Hotspot Security?

hi everyone. here's my first question. any help would be appreciated.

i have had to implement a wireless hotspot in my friends hotel a month or two before i planned. obviously, this hasn't allowed me the time to study up on the security of the hotspot.

the equipment we are using is:

AP's are colubris cn3200 with cn320 for repeaters switches are dell powerconnects 2724's which are managed router is draytek 2950 (their latest enterprise class)

access required is:

secure encrypted access for hotel lan & staff. easily implemented with mac & wpa. this goes to vlan1 which allows access to the hotels private lan and internet

guest access to just the internet. again, it is easily implemented using dhcp and a https logon with no mac or wep/wpa encryption. this goes to vlan2 which only allows access to the internet.

all of the above clients cannot talk to each other and can only talk to the access point itself. all AP's are firewalled.

the question then...... am i as secure as i can be?

------------------------------------------------------------------------ View this thread:

formatting link

Good hardware. Unfortunately, I'm only familiar with the switches.

Quite good or rather good enough. A few suggestions. Please note that security cannot be assumed and needs to be tested.

You don't appear to have a RADIUS server. Therefore the hotel staff machines are using a shared WPA-PSK key. The problem with shared keys is that they are easily leaked and/or recovered from the client machines. See:

for how it's done. If you don't have physical security, or suspect the staff may be leaking the key, I suggest you implement a RADIUS server. This will deliver a unique, one time, per session encryption key, instead of the common shared key.

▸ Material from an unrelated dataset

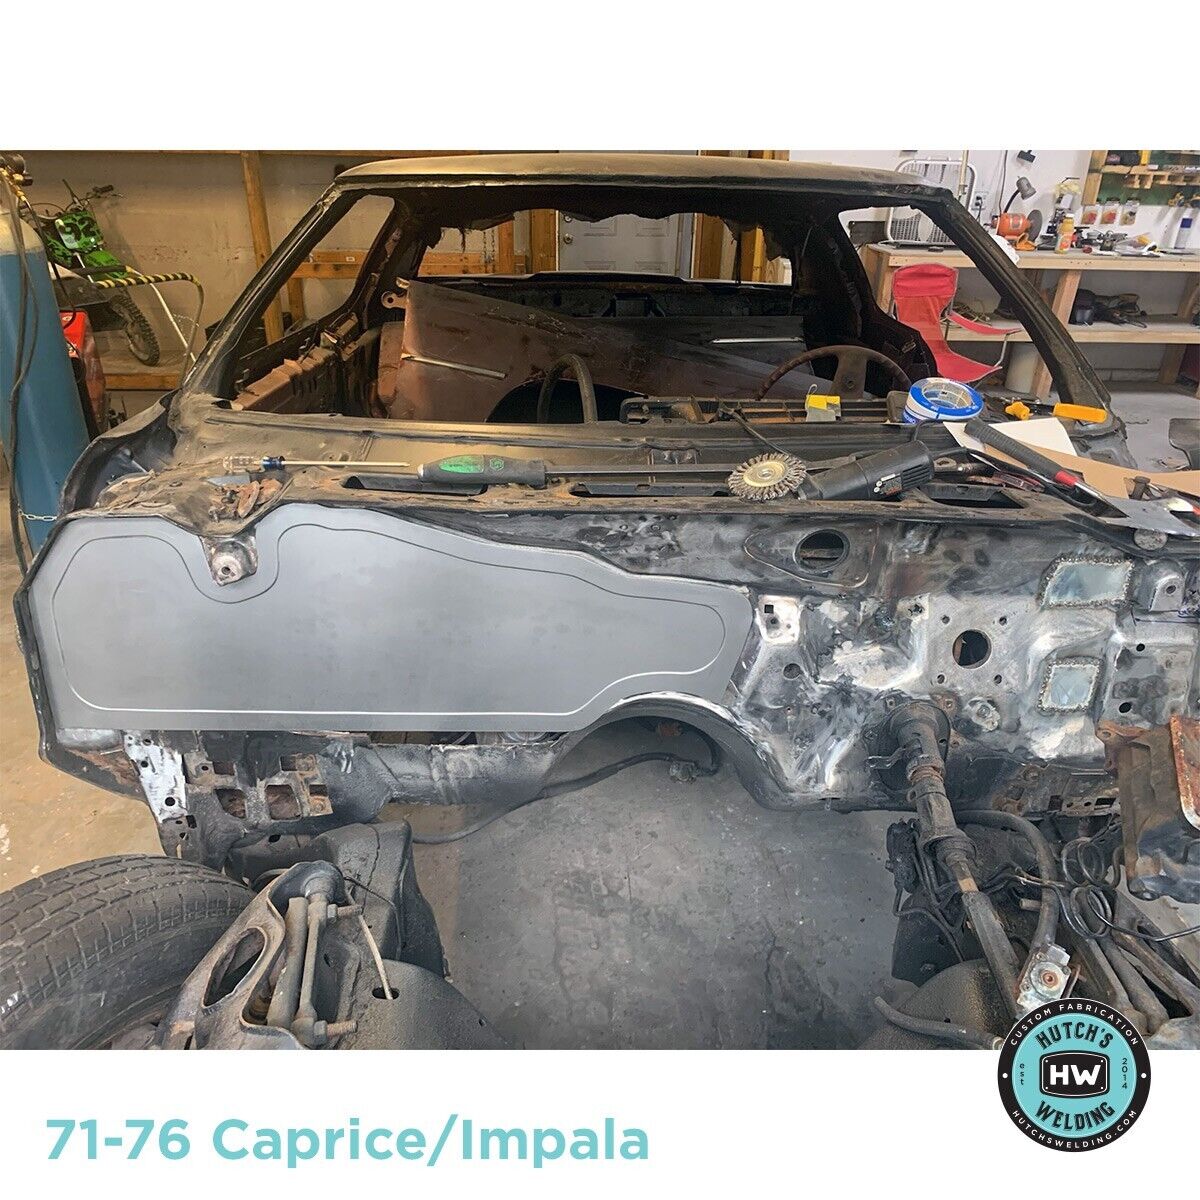 CAPRICE / IMPALA 71-76 FIREWALL PANEL

MAC address filtering is a waste of time. MAC address are NOT encrypted and can therefore be sniffed. It doesn't take much work to extract a valid MAC address and use it.
VLAN's are a great way to isolate separate networks on shared media. Isolation is guaranteed, but needs to be tested. Run a sniffer, such as Ethereal or Wireshark on each network and see if any wrong MAC addresses are appearing on the wrong side of the VLAN. I had a misconfigured ethernet switch do something weird. It would correctly not pass normal traffic between VLAN's, but would pass broadcasts for some odd reason. I never could figure out why, so I just threw in a better switch.
Access Point isolation is mandatory for such a system. You apparently have that running. Again, you should verify that it's working. Simply not "seeing" other clients is not sufficient. Sniff the traffic and look for MAC addresses that don't belong on the VLAN segment.
I suggest you install some manner of SNMP traffic monitoring, probably at the router and the switches. Using MRTG or RRDTool, you'll get graphs that will give you some clue as to what "normal" traffic looks like. When something goes wrong, you can usually tell where and when something changed. You need this because nothing you mentioned is suitable for abuse detection or mitigation. I'll spare you my horror stories, but you do need to do something about detecting and isolating abuse and abusers.
The last time someone asked me about wireless security, I retorted that they really should be concerned about wired and physical security. They had bought the best wireless hardware but had left live ethernet ports all over the place, with no NAC security (network access control) or MS NAP (network access protection). I left the ports live, but implement NAC. Does the hotel have any customer accessible open ethernet ports? Most do.
My guess(tm) is that you haven't enabled any QoS or bandwidth management features. Without QoS or BW, one user can monopolize the entire system. At the least, you should reserve some dedicated bandwidth for the office to prevent the visitors from hogging it all.